Suspended in France, Germany, Italy and Slovenia
Buglife argue that the legislation is clear; governments must take a precautionary approach in regulating pesticides. As a result France, Germany, Italy and Slovenia have suspended various neonicotinoid insecticides. Meanwhile in the UK neonicotinoid use has grown to the point where they are used on 1.2 million hectares of the British countryside.

Matt Shardlow, Buglife Chief Executive Officer said "Buglife has repeatedly raised concerns about the potential that these insecticides have to damage pollinators and the service they provide to us, but every time new bee damage evidence is published Government repeats that there is not enough proof to act. We believe that Government must stop their use now because there is no proof that neonicotinoids are environmentally safe".

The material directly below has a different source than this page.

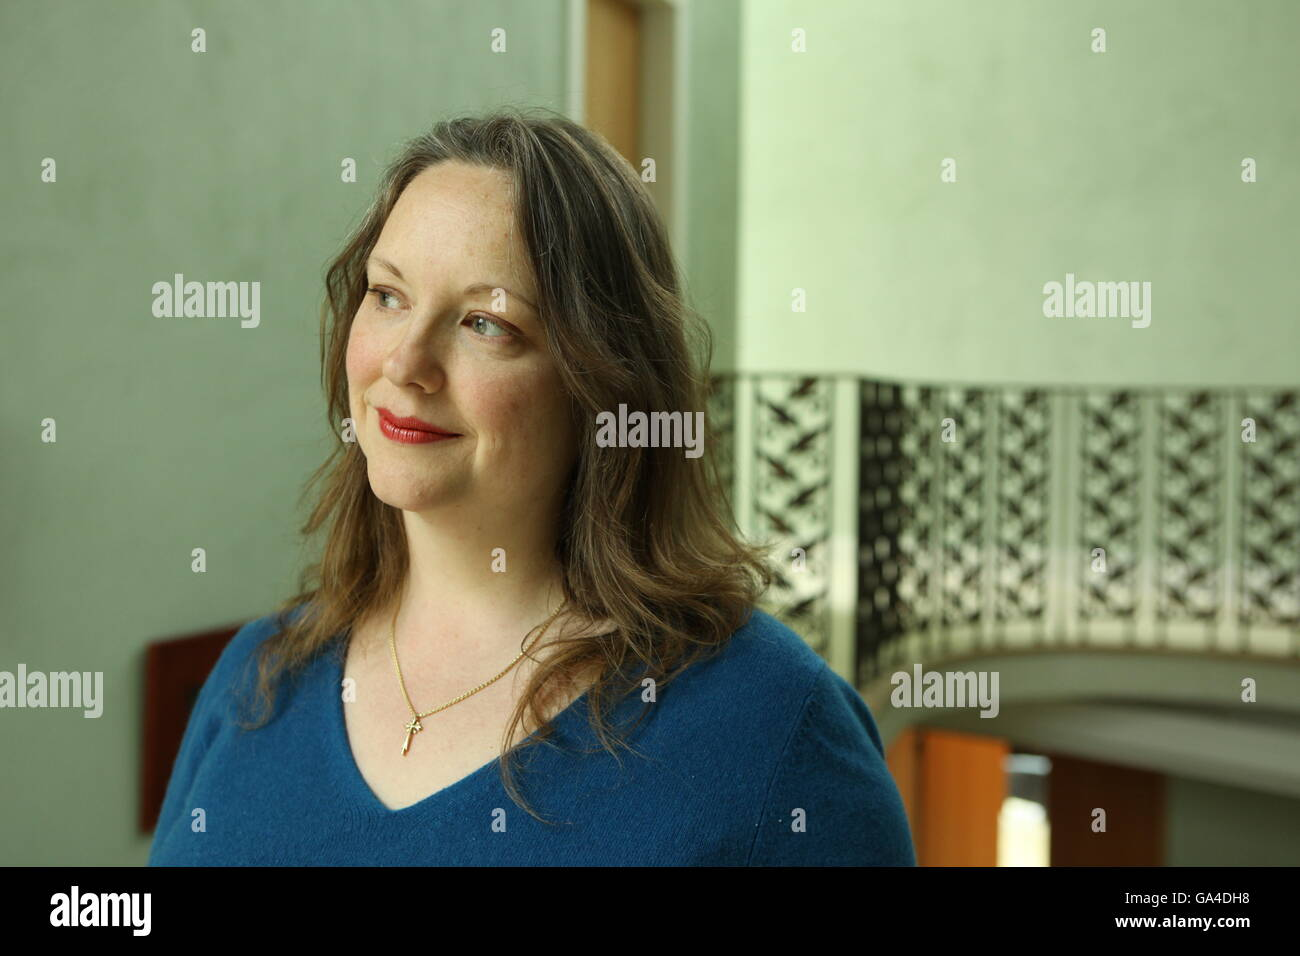 Angelique Rockas,Rosina Fernhoff Adult clips Pamela Adlon,Chipo Chung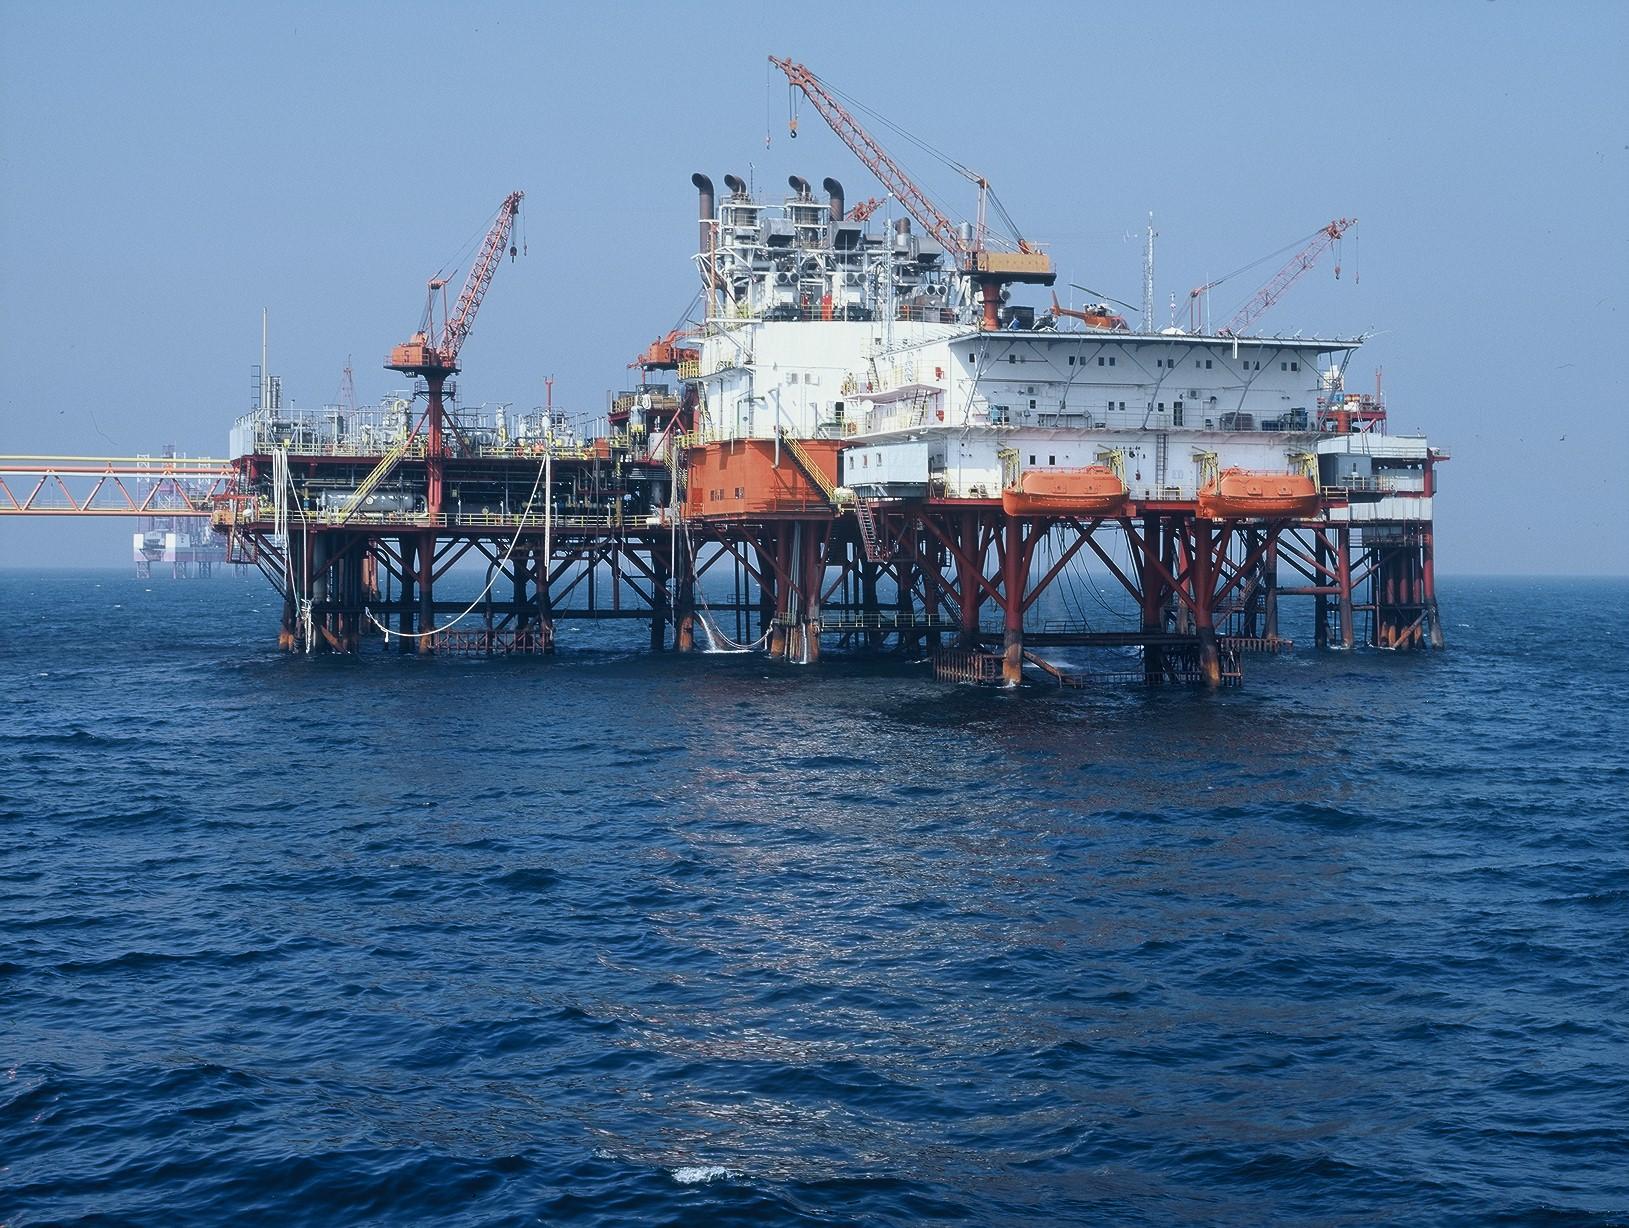 Romania's Fondul Proprietatea to sell 2.5% stake in OMV Petrom

"If we lose, bees, hoverflies, butterflies, mayflies and earthworms then wildflowers, garden flowers and fruits will dwindle and we will all suffer. This loss could cost UK farmers an estimated £510 million annually in crop yield, with the addition of alternative pollination methods costing a further £1.8 billion each year".

For years Buglife has been concerned that pesticide regulation is unable to identify which pesticides will damage populations of wild, non-target, invertebrates. Buglife is questioning the grounds on which Defra made the decision that ‘no change in the existing regulation of neonicotinoids is required' and considers that the decision is open to challenge by way of a judicial review.